Are they from Little Rock? Isn't that where Bill Clinton came from? Enough said then.  :Smile:

----------


## Geoff

This seems to now be a regular thing for this company, it's a shame, I am sympathetic to those that lost their money. It is mainly the reason I don't back these things anymore, so many of them cannot actually deliver what they promise it's disappointing for the industry.

----------


## Ouserkaf

> This seems to now be a regular thing for this company, it's a shame, I am sympathetic to those that lost their money. It is mainly the reason I don't back these things anymore, so many of them cannot actually deliver what they promise it's disappointing for the industry.


The worst is that I 'm not even a kickstarter backer , I 'm just a customer of their online sales site ... : /

----------


## 3DPBuser

You might be able to sell the parts of your printer to others who need them, and make your money back.

----------


## Ouserkaf

> You might be able to sell the parts of your printer to others who need them, and make your money back.


No, i can't do that, else it would mean that i agree with this compagny, that i accept to be stoled...

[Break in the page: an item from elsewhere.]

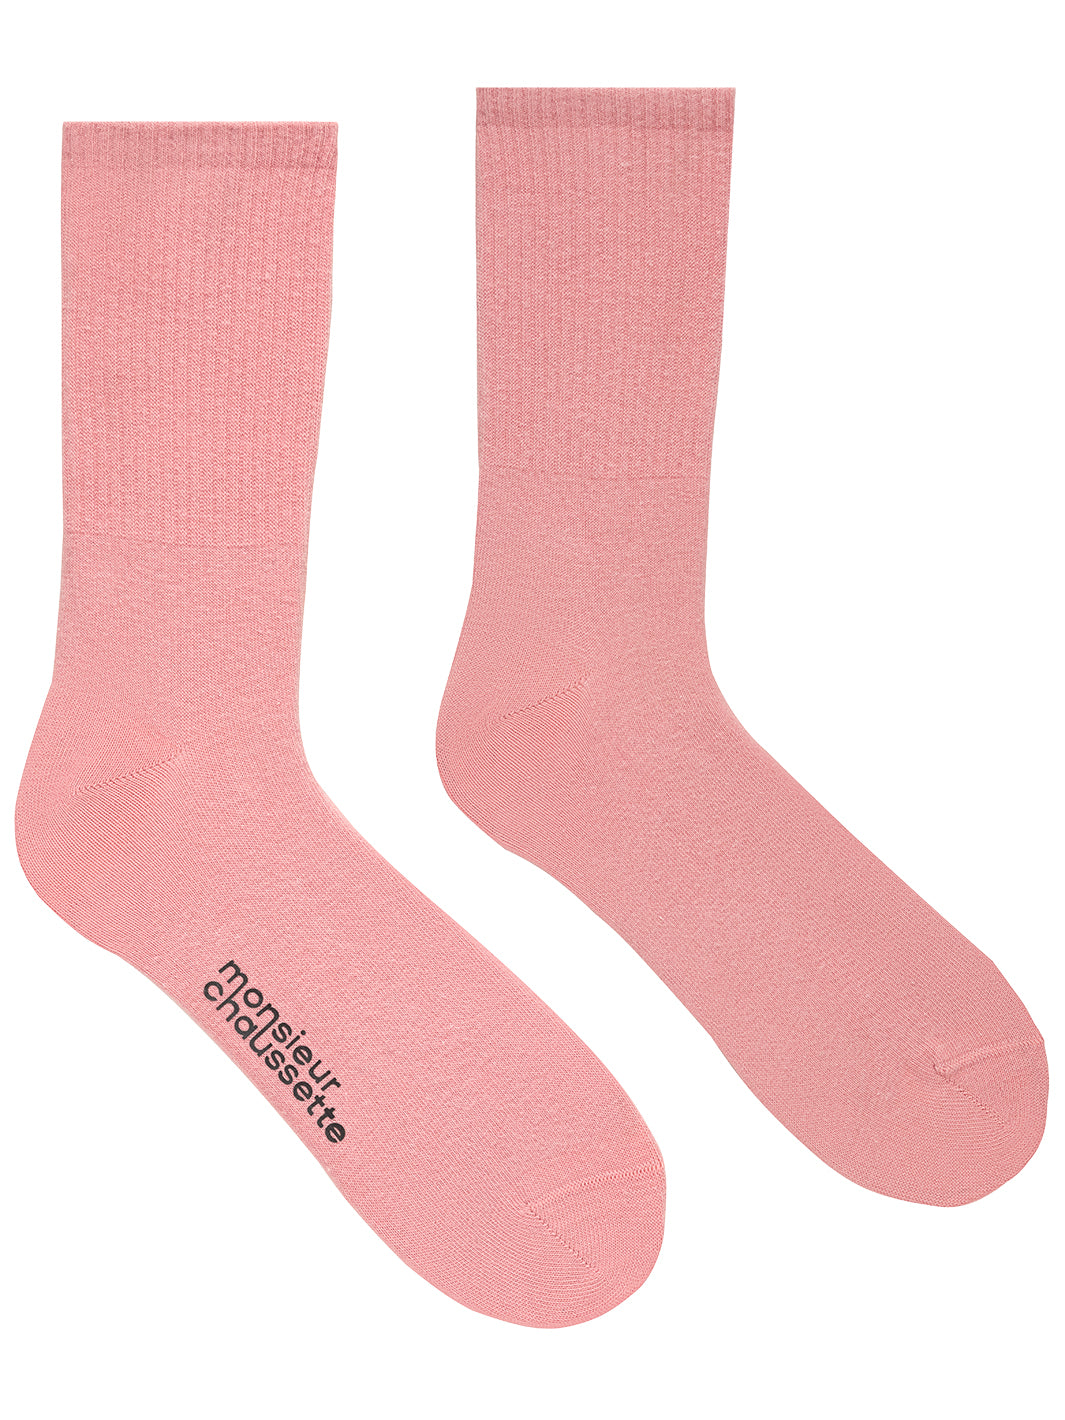 Unıcolor-Pınk Long Socks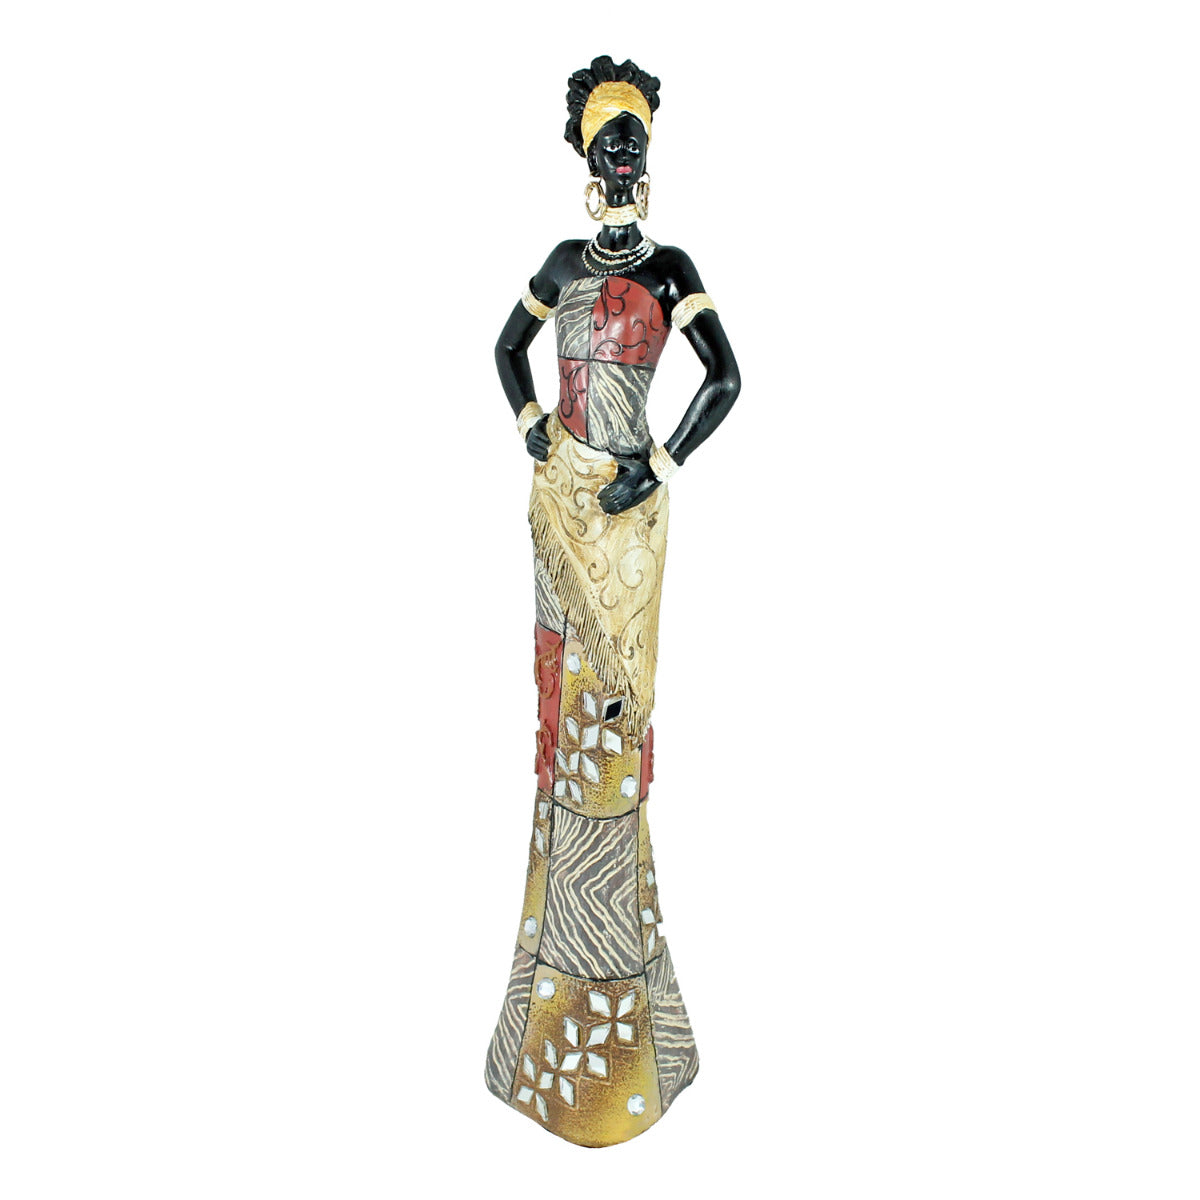 Afrika Deko Figur Frau in einem bunten Kleid Afrikanische Dekofiguren

Can anyone say me what is detailed references about some of my missing parts to buy them from an other site :

- AA (nema 17 stepper motor)
- FF (twoup size : 8 mm x 290 rod)
- GG (size : 8 mm x 290 rod - Threaded holes)
- HH (size : 3/8"-12 ACME SCREW)

I tried to find these parts, but i'm not sure they are the good ones... xD

----------


## bernardand

Are they from Little Rock? Isn't that where Bill Clinton came from? Enough said then

----------